CITSEM, Universidad Politécnica de Madrid, 28031, Madrid, Spain.
Int J Comput Assist Radiol Surg. 2024 Jul;19(7):1367-1374. doi: 10.1007/s11548-024-03102-5. Epub 2024 May 18.
Magnetic resonance imaging (MRI) is a common technique in image-guided neurosurgery (IGN). Recent research explores the integration of methods like ultrasound and tomography, among others, with hyperspectral (HS) imaging gaining attention due to its non-invasive real-time tissue classification capabilities. The main challenge is the registration process, often requiring manual intervention. This work introduces an automatic, markerless method for aligning HS images with MRI.
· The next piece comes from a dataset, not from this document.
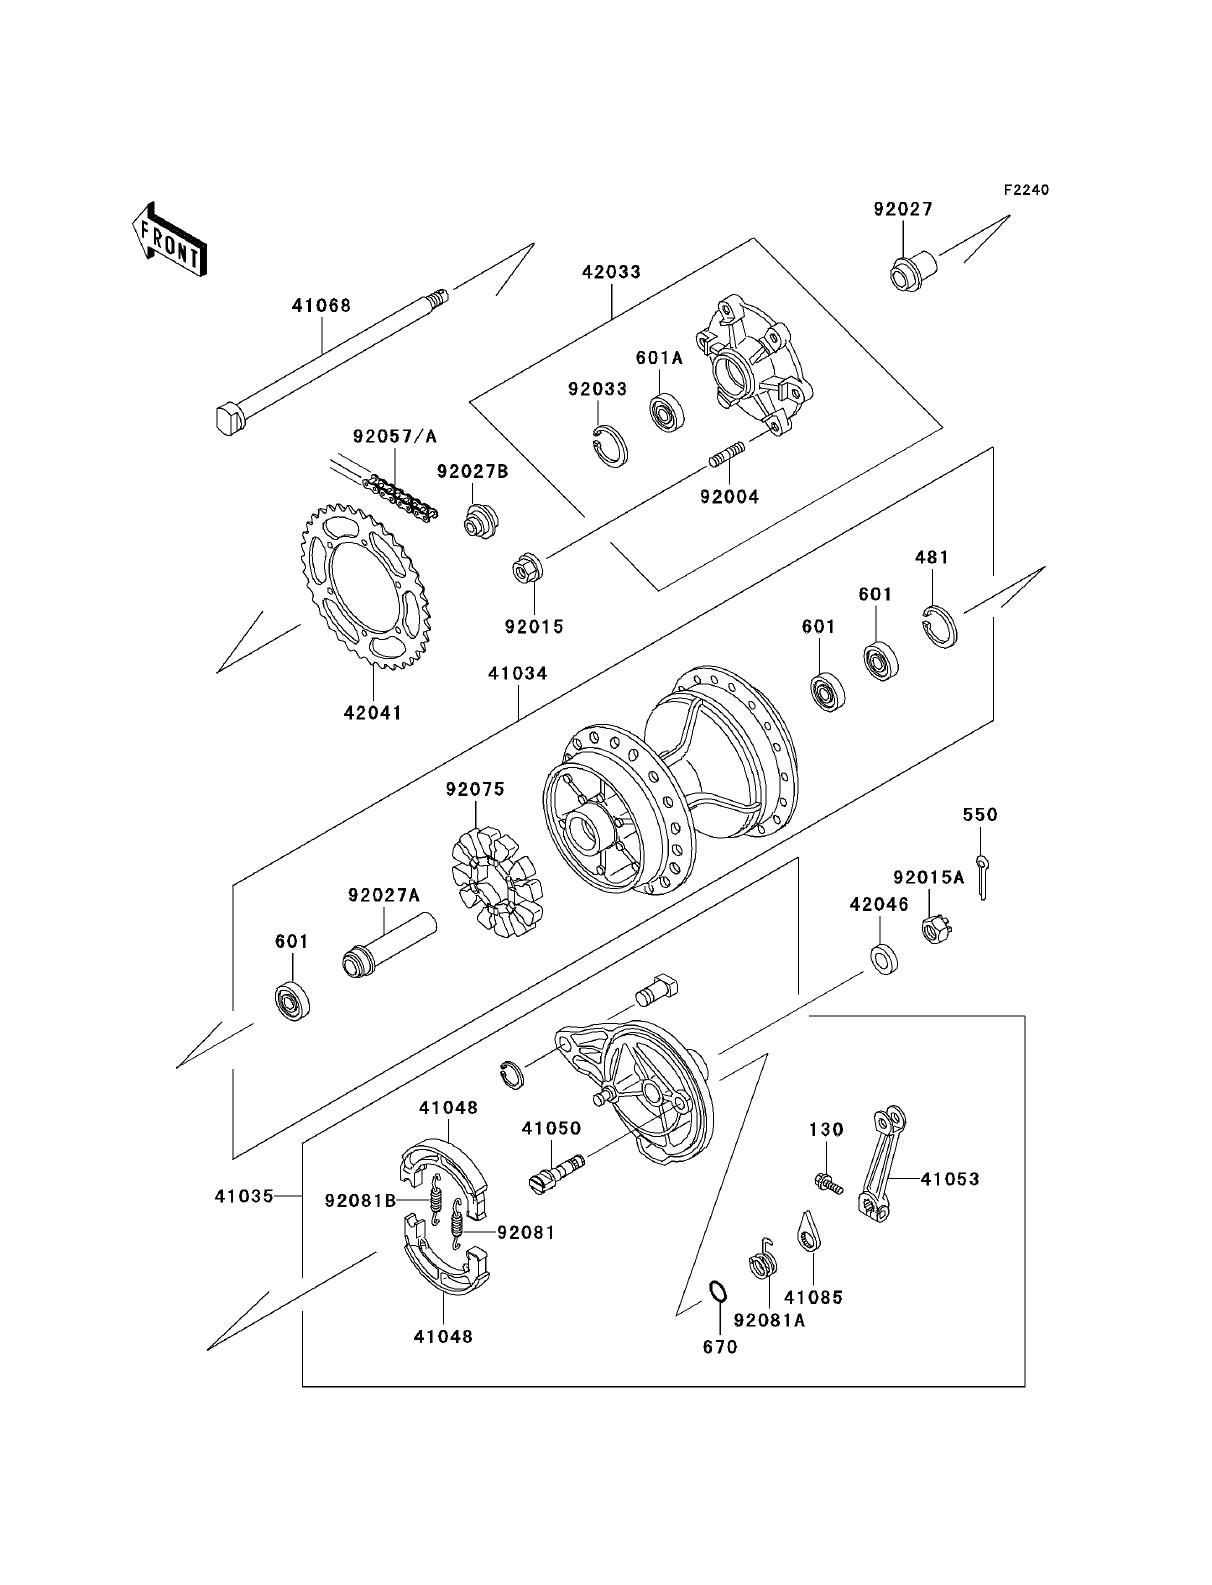 Drum Brake assembly Diagram Kawasaki Klr250 Kawasaki

This work presents a multimodal system that combines RGB-Depth (RGBD) and HS cameras. The RGBD camera captures the patient's facial geometry, which is used for registration with the preoperative MR through ICP. Once MR-depth registration is complete, the integration of HS data is achieved using a calibrated homography transformation. The incorporation of external tracking with a novel calibration method allows camera mobility from the registration position to the craniotomy area. This methodology streamlines the fusion of RGBD, HS and MR images within the craniotomy area.
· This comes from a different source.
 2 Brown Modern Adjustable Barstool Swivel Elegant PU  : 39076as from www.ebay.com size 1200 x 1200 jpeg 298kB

Using the described system and an anthropomorphic phantom head, the system has been characterised by registering the patient's face in 25 positions and 5 positions resulted in a fiducial registration error of 1.88 ± 0.19 mm and a target registration error of 4.07 ± 1.28 mm, respectively.
This work proposes a new methodology to automatically register MR and HS information with a sufficient accuracy. It can support the neurosurgeons to guide the diagnosis using multimodal data over an augmented reality representation. However, in its preliminary prototype stage, this system exhibits significant promise, driven by its cost-effectiveness and user-friendly design.
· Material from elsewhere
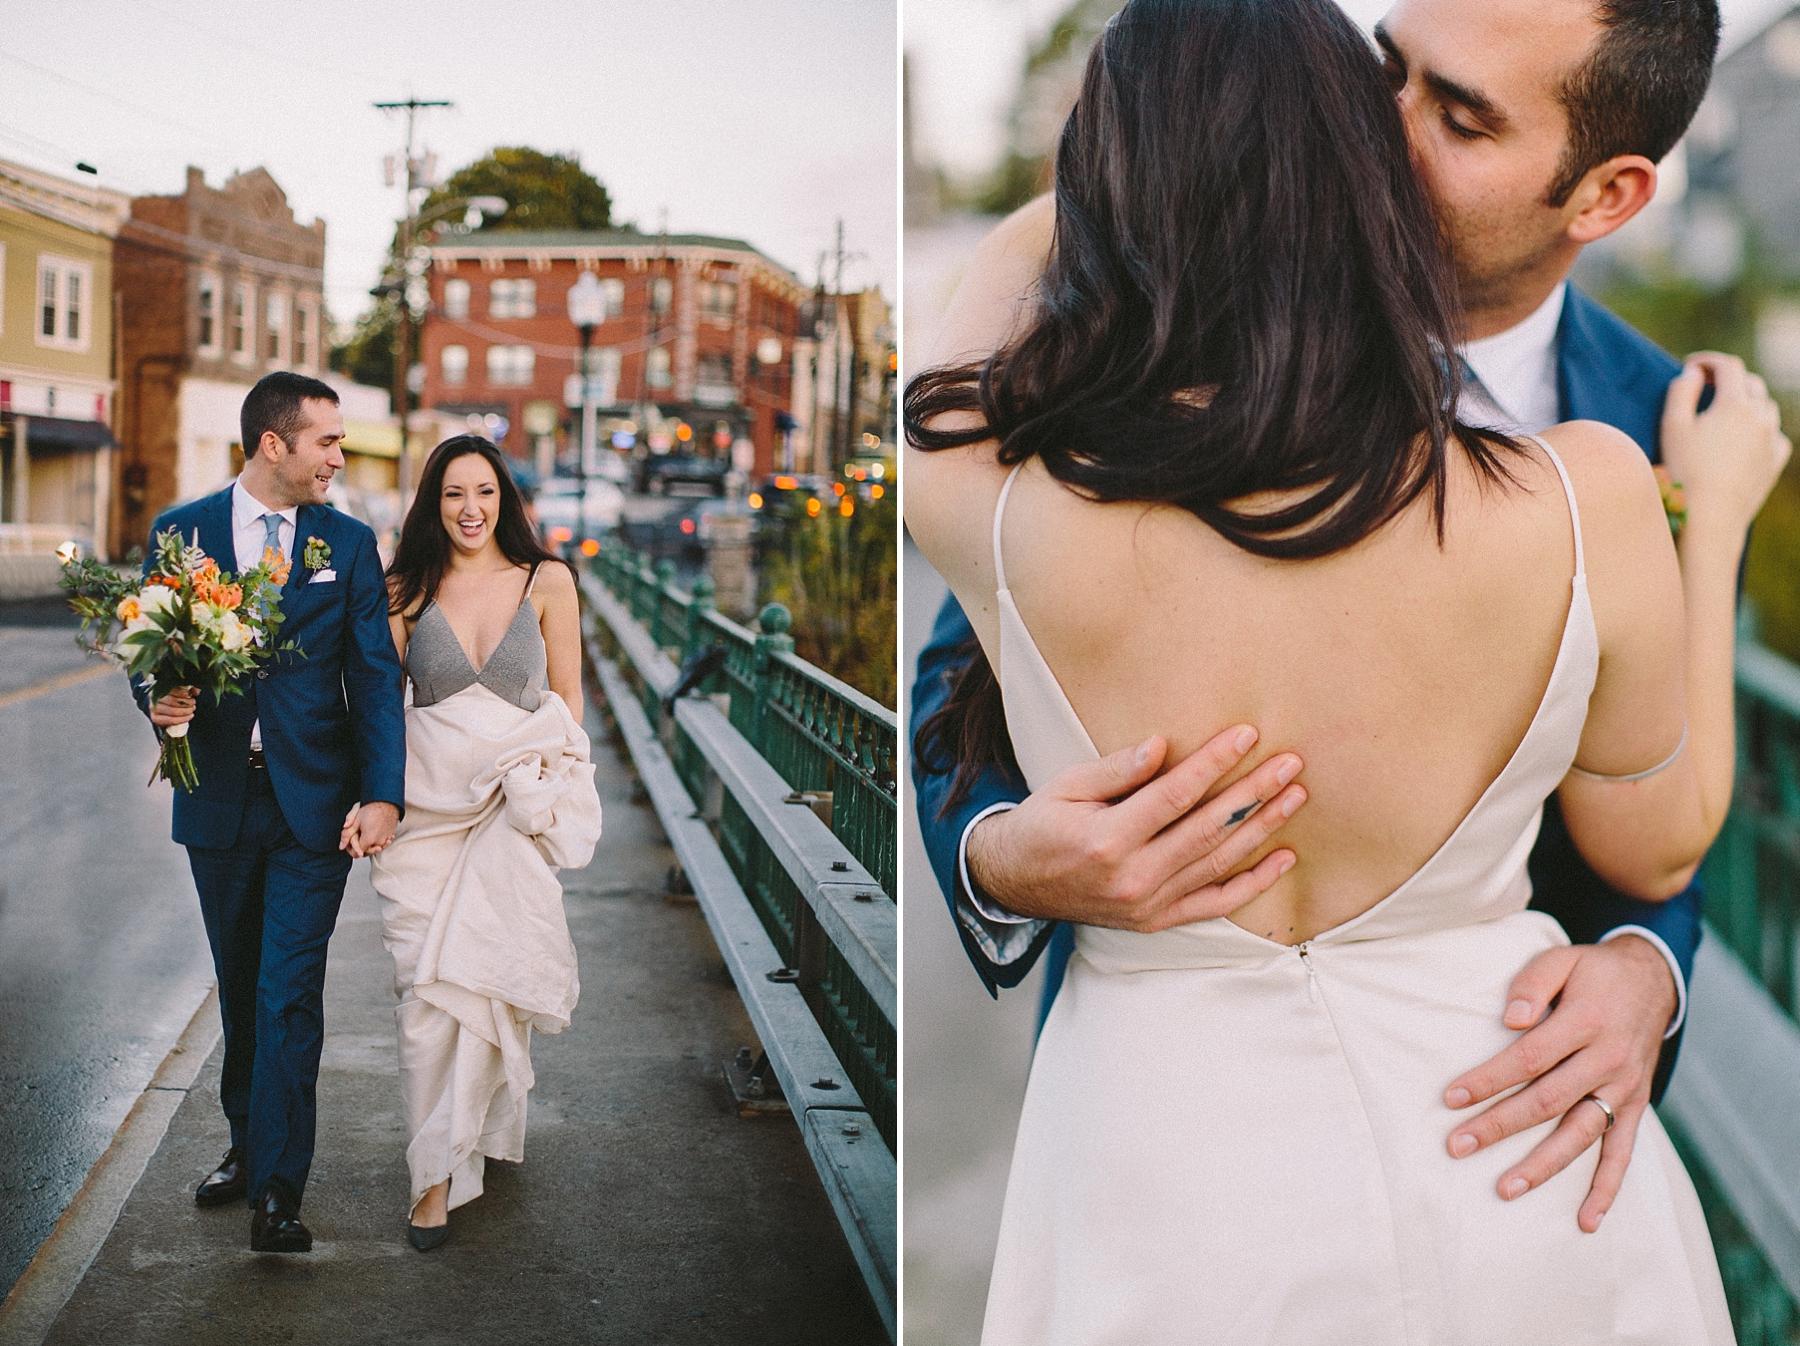 intimate-destination-wedding-photographer-outdoor_0121.jpg

磁共振成像(MRI)是影像引导神经外科(IGN)中常用的技术。最近的研究探索了将超声和断层扫描等方法与高光谱(HS)成像相结合,由于其具有非侵入性实时组织分类能力,HS 成像受到关注。主要挑战是配准过程,通常需要手动干预。这项工作介绍了一种自动、无标记的 HS 图像与 MRI 对齐方法。
这项工作提出了一种结合 RGB-Depth(RGBD)和 HS 相机的多模态系统。RGBD 相机捕获患者的面部几何形状,通过 ICP 与术前 MR 进行配准。完成 MR-depth 配准后,使用校准的单应性变换实现 HS 数据的集成。通过使用新的校准方法与外部跟踪的结合,允许相机从配准位置移动到颅骨切开区域。这种方法简化了颅骨切开区域内 RGBD、HS 和 MR 图像的融合。
使用描述的系统和一个拟人化的头部模型,在 25 个位置注册患者的面部,在 5 个位置注册时,分别得到了 1.88 ± 0.19mm 的基准配准误差和 4.07 ± 1.28mm 的目标配准误差。
这项工作提出了一种新的方法,可以以足够的精度自动注册 MR 和 HS 信息。它可以支持神经外科医生使用多模态数据在增强现实表示中进行诊断。然而,在其初步原型阶段,由于其成本效益和用户友好的设计,该系统具有很大的潜力。